Adams v. Kowalski
This text of Adams v. Kowalski (Adams v. Kowalski) is published on Counsel Stack Legal Research, covering District Court, E.D. Wisconsin primary law. Counsel Stack provides free access to over 12 million legal documents including statutes, case law, regulations, and constitutions.
Opinion
UNITED STATES DISTRICT COURT EASTERN DISTRICT OF WISCONSIN
PRESTON D ADAMS, JR,
Plaintiff, Case No. 17-cv-1284-bhl v.
ROBERT KOWALSKI, et al.,
Defendants. ______________________________________________________________________________
ORDER GRANTING MOTION FOR JUDGMENT ON THE PLEADINGS ______________________________________________________________________________
On September 26, 2017, Plaintiff Preston Adams filed a pro se complaint under 42 U.S.C. §1983 against two probation officers and “five unknown agents … employed by either the City of Milwaukee, the County of Milwaukee or the State of Wisconsin.” (ECF No. 1.) The complaint alleges that Defendants unlawfully arrested Adams twice, once in 2006 and once in 2008, and violated his Constitutional rights under the Fourth, Fifth, and Fourteenth Amendments. (Id.) On October 3, 2017, Attorney Timothy Provis filed a notice of appearance on behalf of Adams. (ECF No. 3.) Adams has since twice, through counsel, amended his complaint. (ECF Nos. 16 & 20.) Defendants answered the second amended complaint on July 12, 2019. (ECF No. 25.) On August 12, 2019, the Court entered a scheduling order and the parties began discovery. (ECF No. 28.) On January 21, 2020, Defendants filed a motion for judgment on the pleadings.1 (ECF No. 30.) Defendants seek entry of judgment based on facts they claim are deemed “conclusively established” as a result of Plaintiff’s failure to respond to Requests for Admission.

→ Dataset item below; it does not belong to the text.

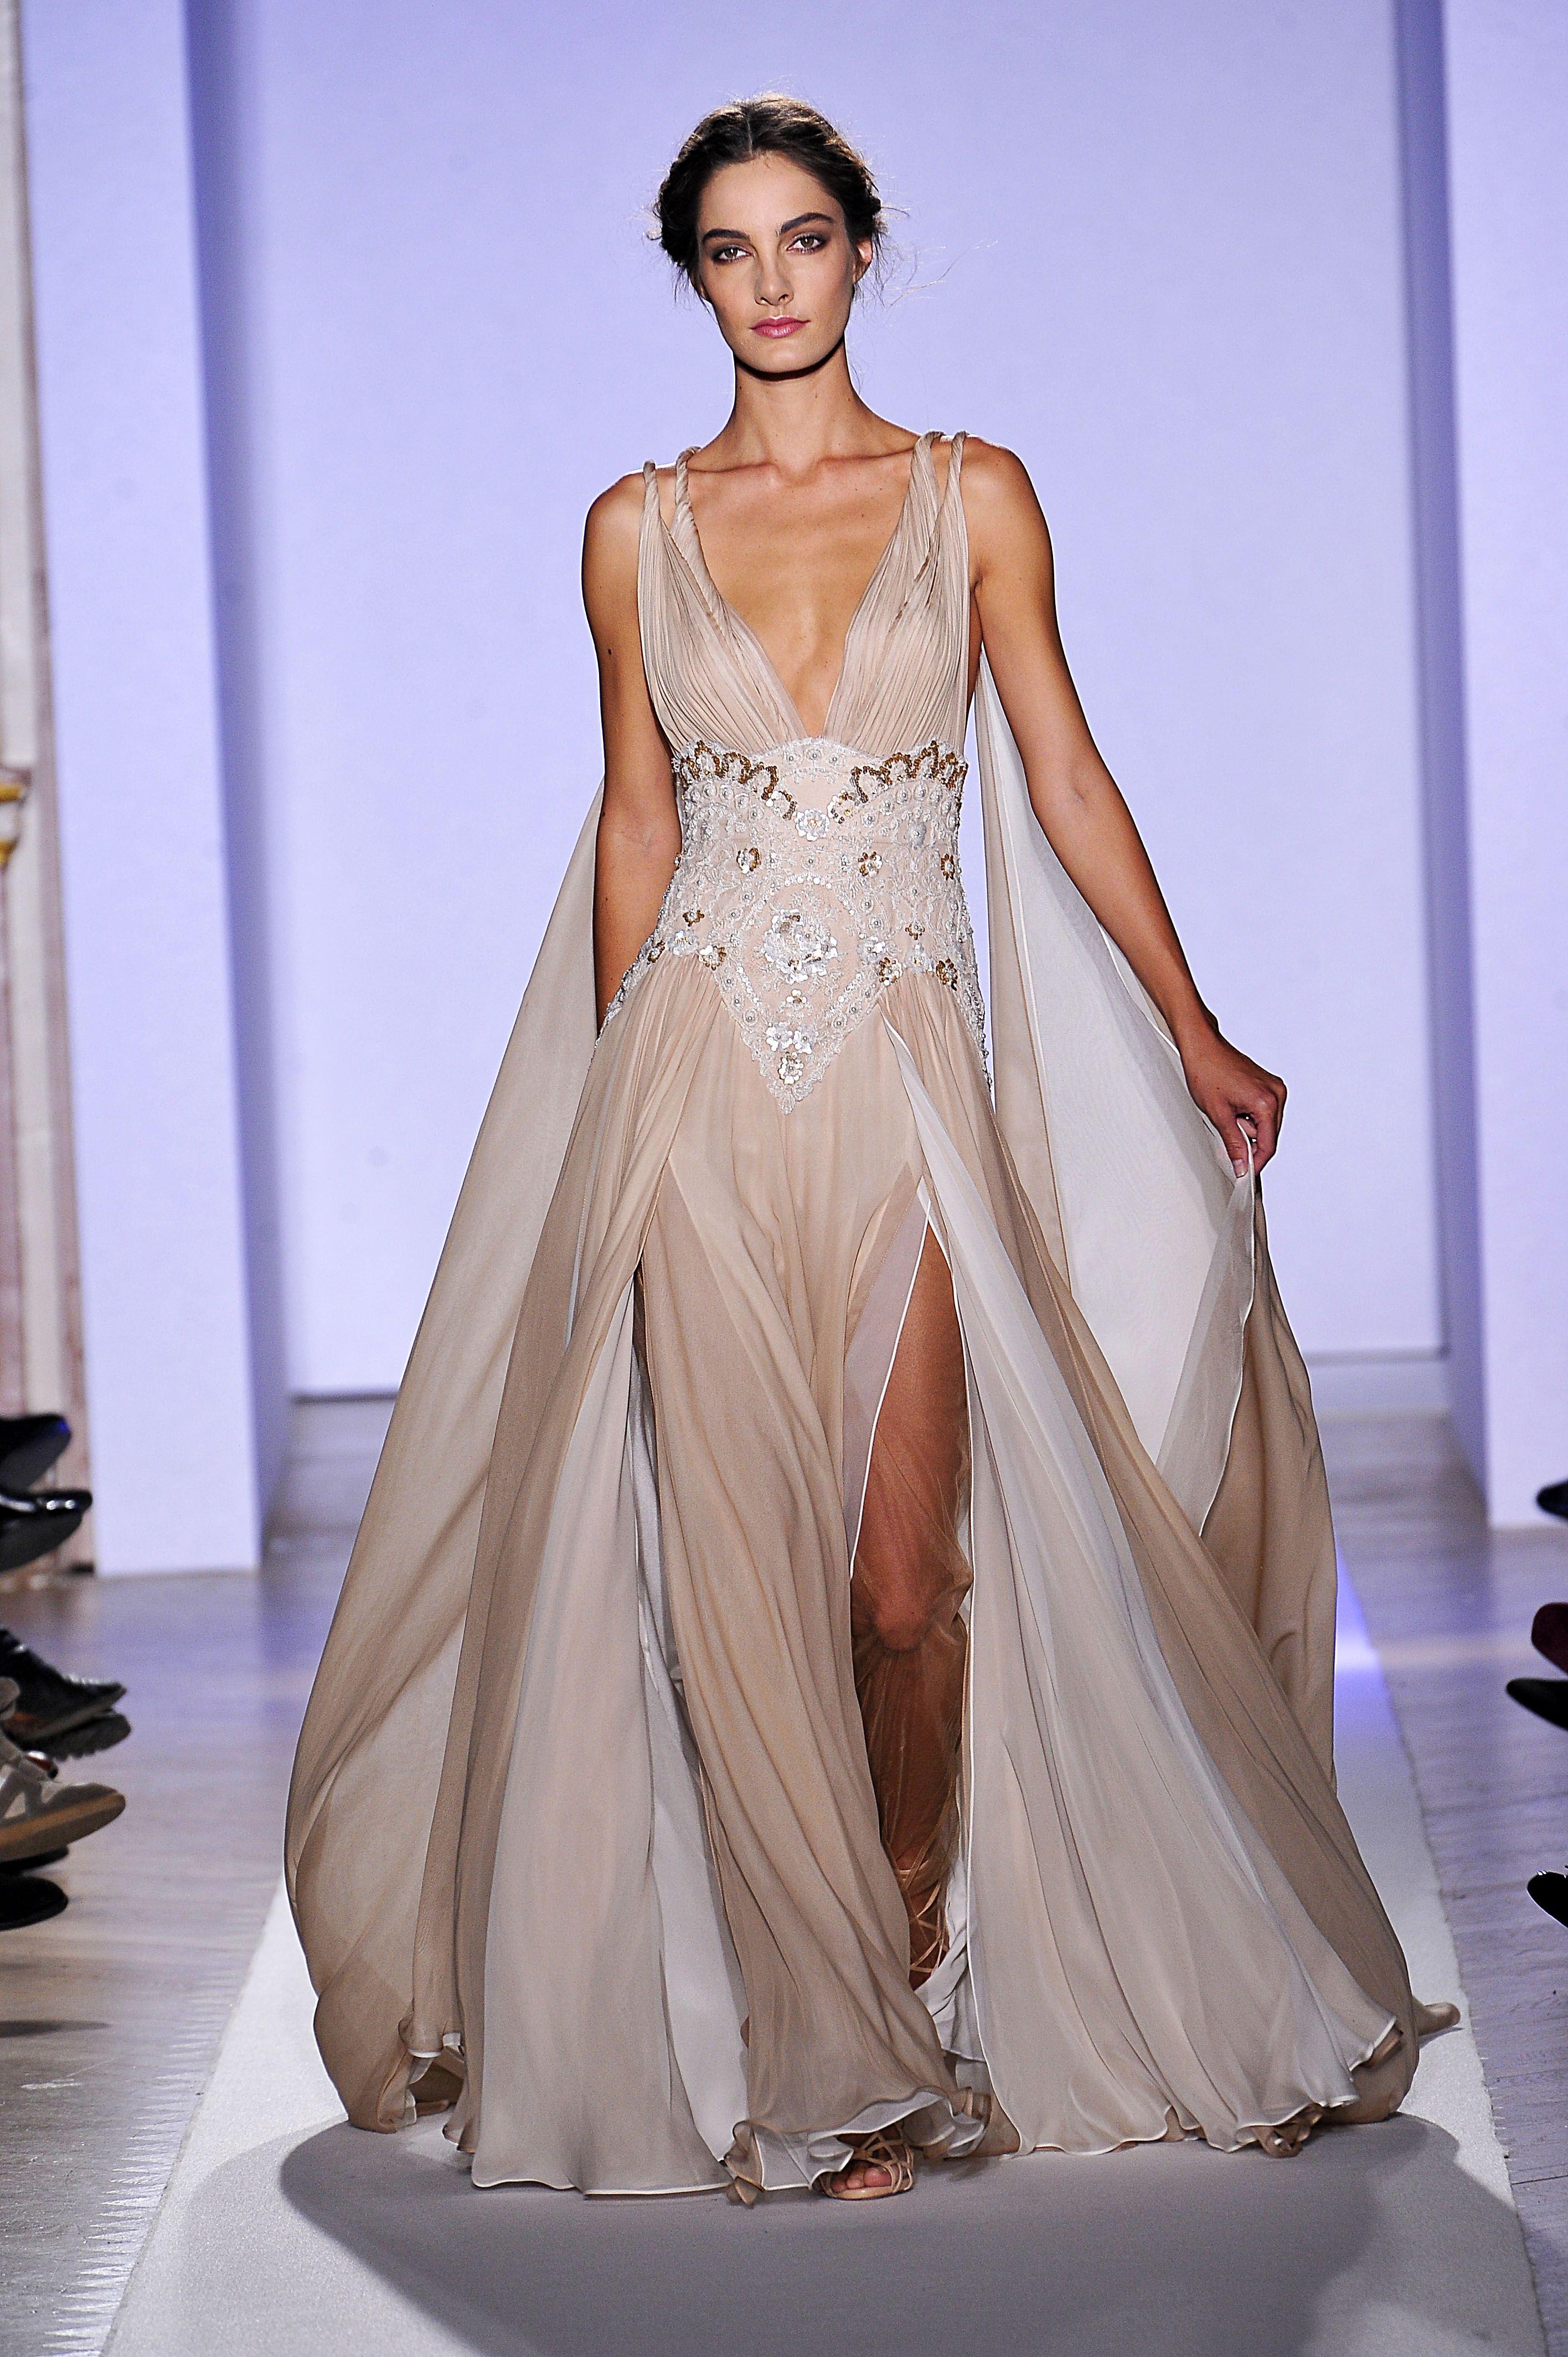 Zuhair murad altacostura primaveraverão zuhair murad gowns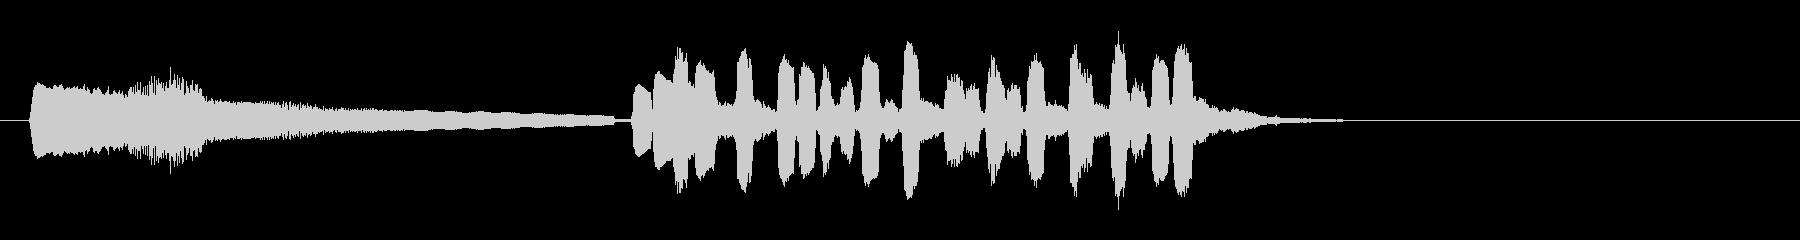 テーマ6B:ピアノ、トランペットの未再生の波形

Plaintiff has not disputed that he failed to respond to the Requests for Admission. In fact, he has not responded to Defendants’ motion in any way. The Court will grant Defendants’ motion for two independent reasons.
1 In the same motion, Defendants also asked the Court to stay the summary judgment deadline. (ECF No. 30.) The Court granted Defendants’ motion to stay the summary judgment deadline in a separate order. (ECF No. 34.) First, under Civil L. R. 7(b), Plaintiff’s response to Defendants’ Motion for Judgment on the Pleadings was due within 21 days of service of the motion, or by February 11, 2020. Plaintiff has missed that deadline by more than a year. This failure to respond timely is itself a sufficient ground to grant the relief requested. See Civil L.R. 7(d) (“Failure to file a memorandum in opposition to a motion is sufficient cause for the Court to grant the motion.”) Second, and moreover, Defendants’ motion and supporting materials establish that they are entitled to relief. Based on Plaintiff’s admissions, his suit is barred by the statute of limitations. Plaintiff has admitted that he was arrested by a valid warrant for probation violations and that he knew the facts surrounding his arrest in 2008. At the time Plaintiff filed his complaint, federal courts sitting in Wisconsin were required to apply Wisconsin’s six-year statute of limitations in cases involving §1983.2 See Gray v. Lacke, 885 F.2d 399, 408 (7th Cir. 1989). A §1983 claim begins to accrue “when the plaintiff knows or should know that his or her constitutional rights have been violated.” See Hileman v. Maze, 367 F.3d 694, 696 (7th Cir. 2004) (quoting Kelly v. City of Chi., 4 F.3d 509 (7th Cir. 1993)). Therefore, even if his underlying claim had some validity at some point, Plaintiff’s failure to file suit in a timely fashion—he waited more than nine years passed after his arrest to file suit—renders his claims barred by the statute of limitations. Accordingly, IT IS HEREBY ORDERED that Defendants’ motion for judgment on the pleadings, (ECF No. 30), is GRANTED and the case is DISMISSED. The clerk’s office will enter judgment accordingly. Dated at Milwaukee, Wisconsin on March 8, 2021.
s/ Brett H. Ludwig BRETT H. LUDWIG United States District Judge
2 In Gray v. Lacke, the Seventh Circuit held that federal courts must apply the statute of limitations found in Wis. Stat. §893.53 to claims arising under §1983. Gray, 885 F.2d at 409. At that time, Wis. Stat. §893.53 specified a six- year statute of limitations. In 2018, the Wisconsin legislature reduced the relevant statute of limitations to three years. It is clear, however, that this action is subject to the six-year statute of limitations, because the events in question occurred before the statute was amended. See D’acquisto v. Love, No. 20-C-1034, 2020 WL 5982895, at *1 (E.D. Wis. October 8, 2020).